▸ Assigned task:
Without including any images, please transcribe all the lines below exactly.

▸ Stored data:
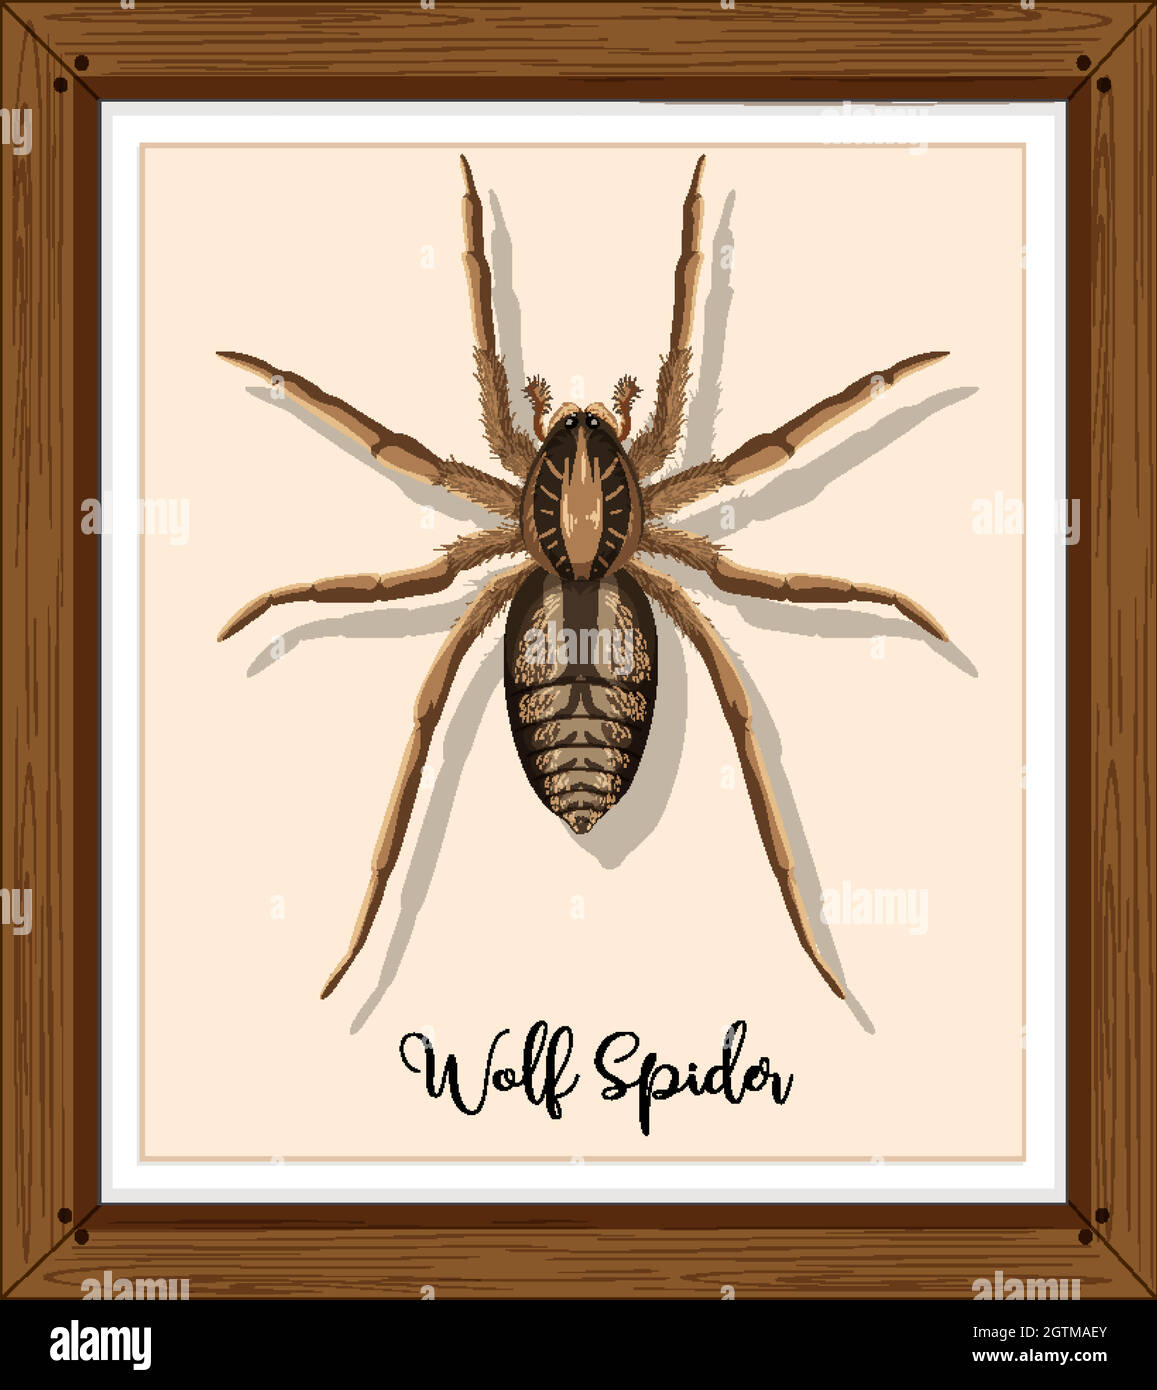 Wolf spider in wooden frame Stock Vector
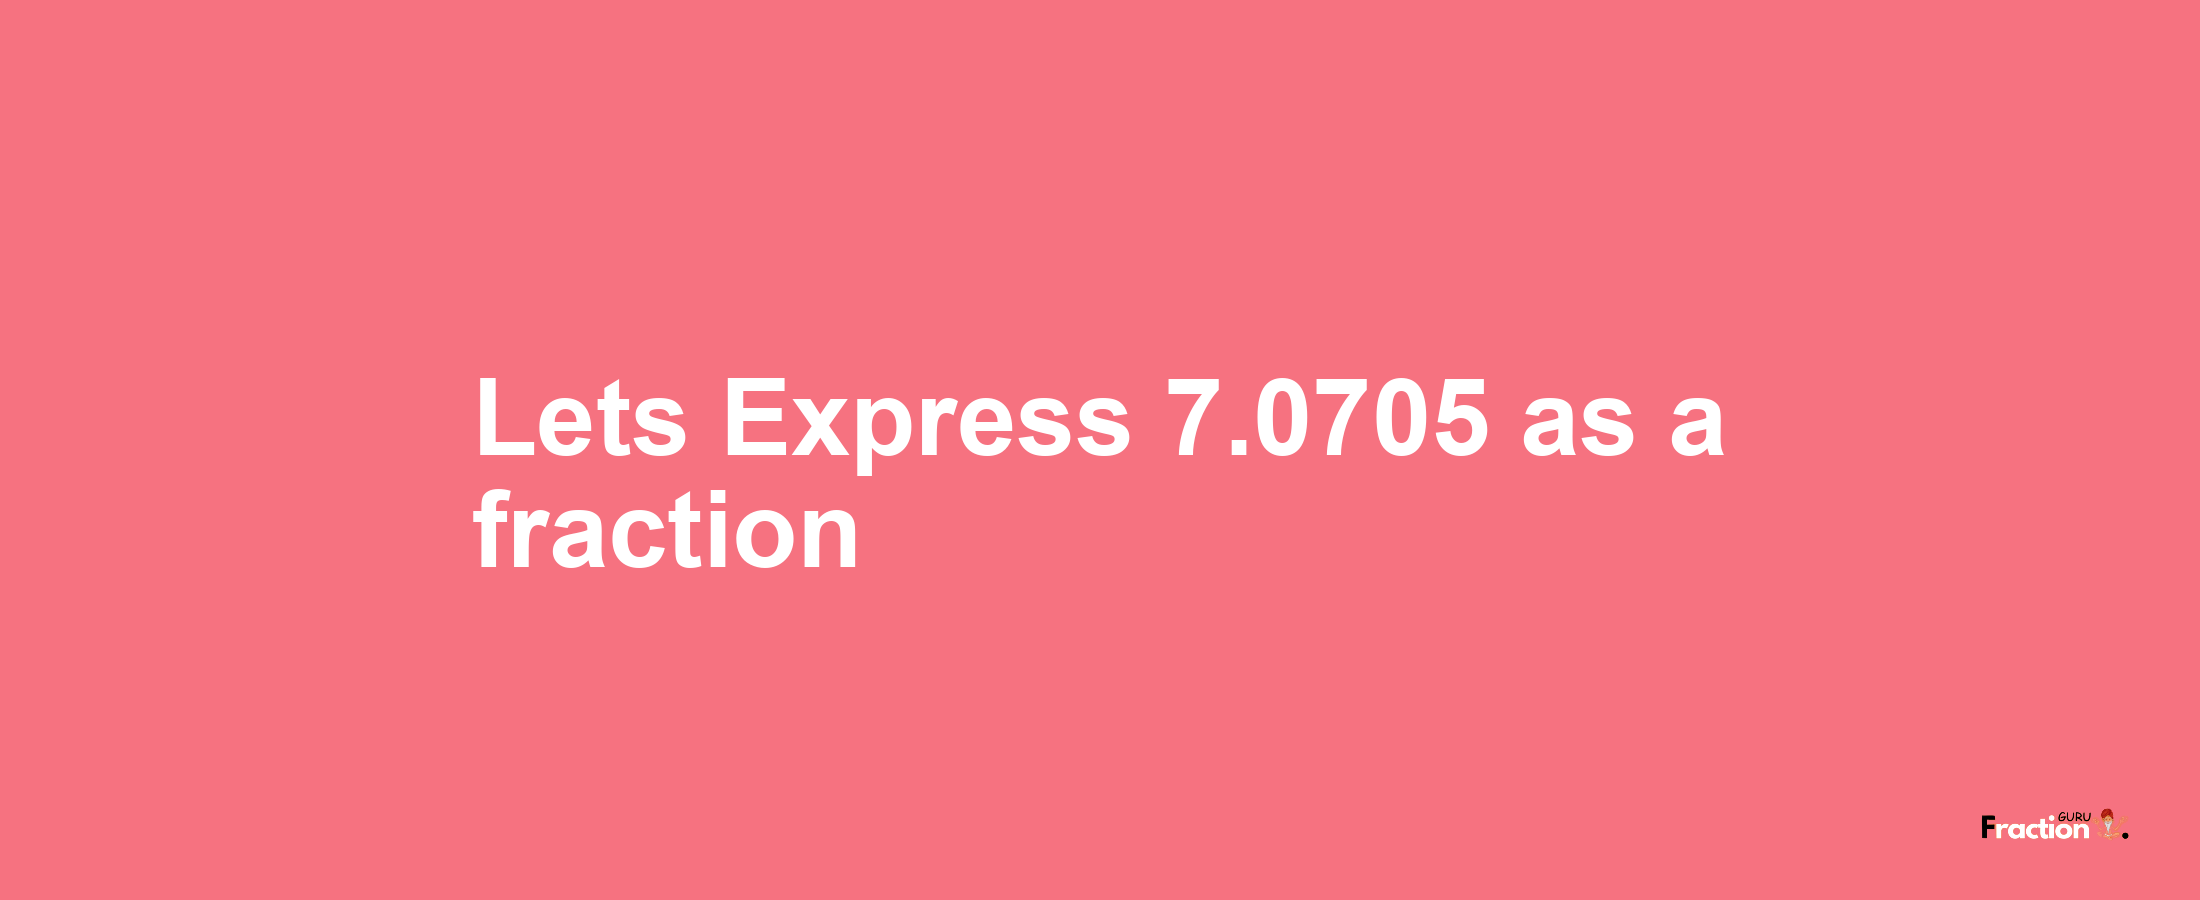 Lets Express 7.0705 as afraction
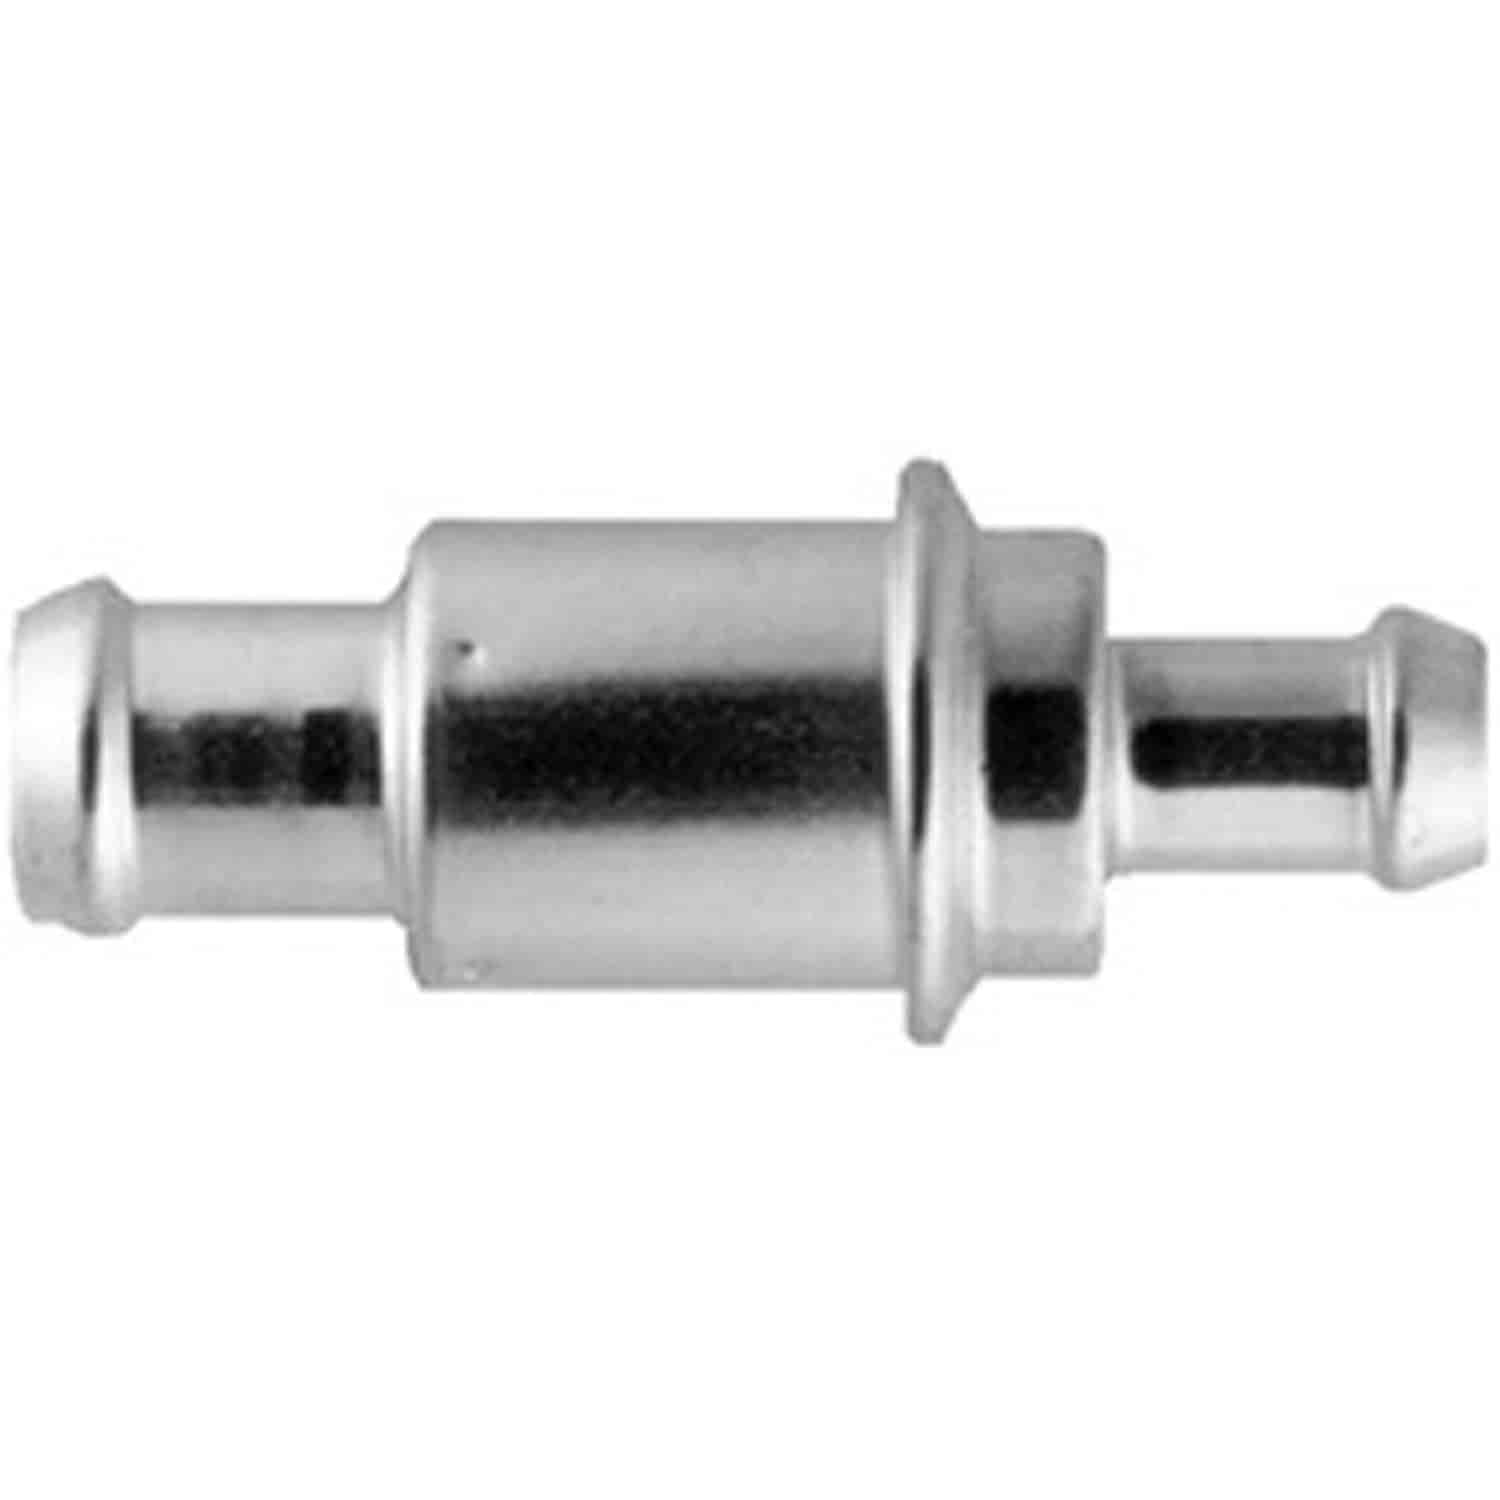 This PCV valve from Omix-ADA fits 66-71 Jeep
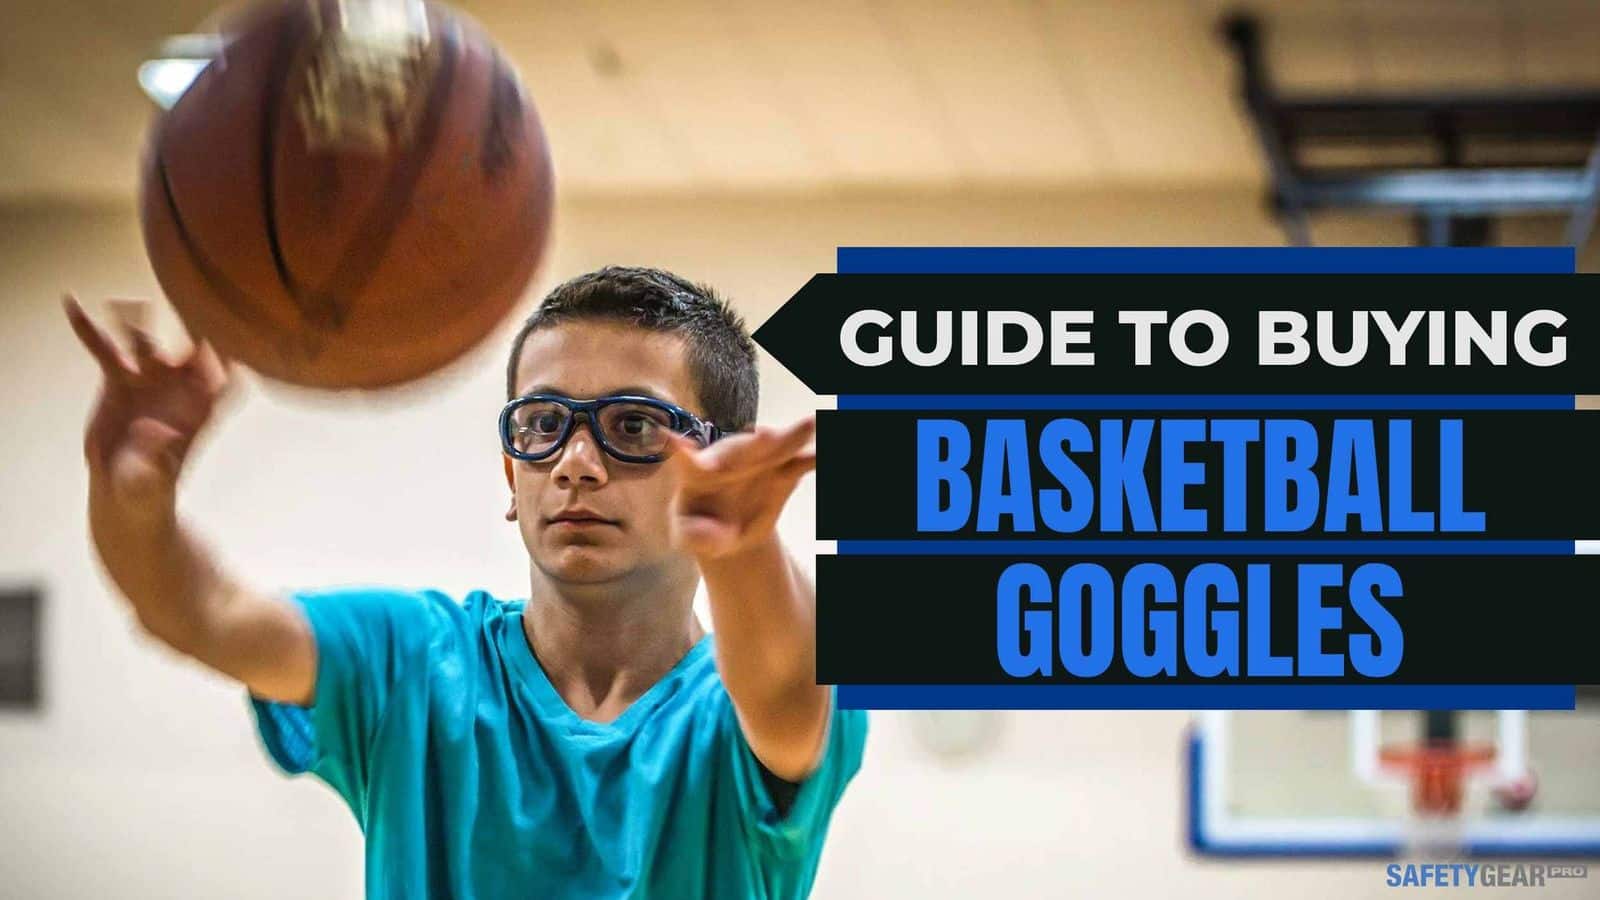 : Basketball Goggles Buying Guide Header

▸ Output:
 Wolf spider in wooden frame Stock Vector
 Lets Express 7.0705 as afraction
 This PCV valve from Omix-ADA fits 66-71 Jeep
 : Basketball Goggles Buying Guide Header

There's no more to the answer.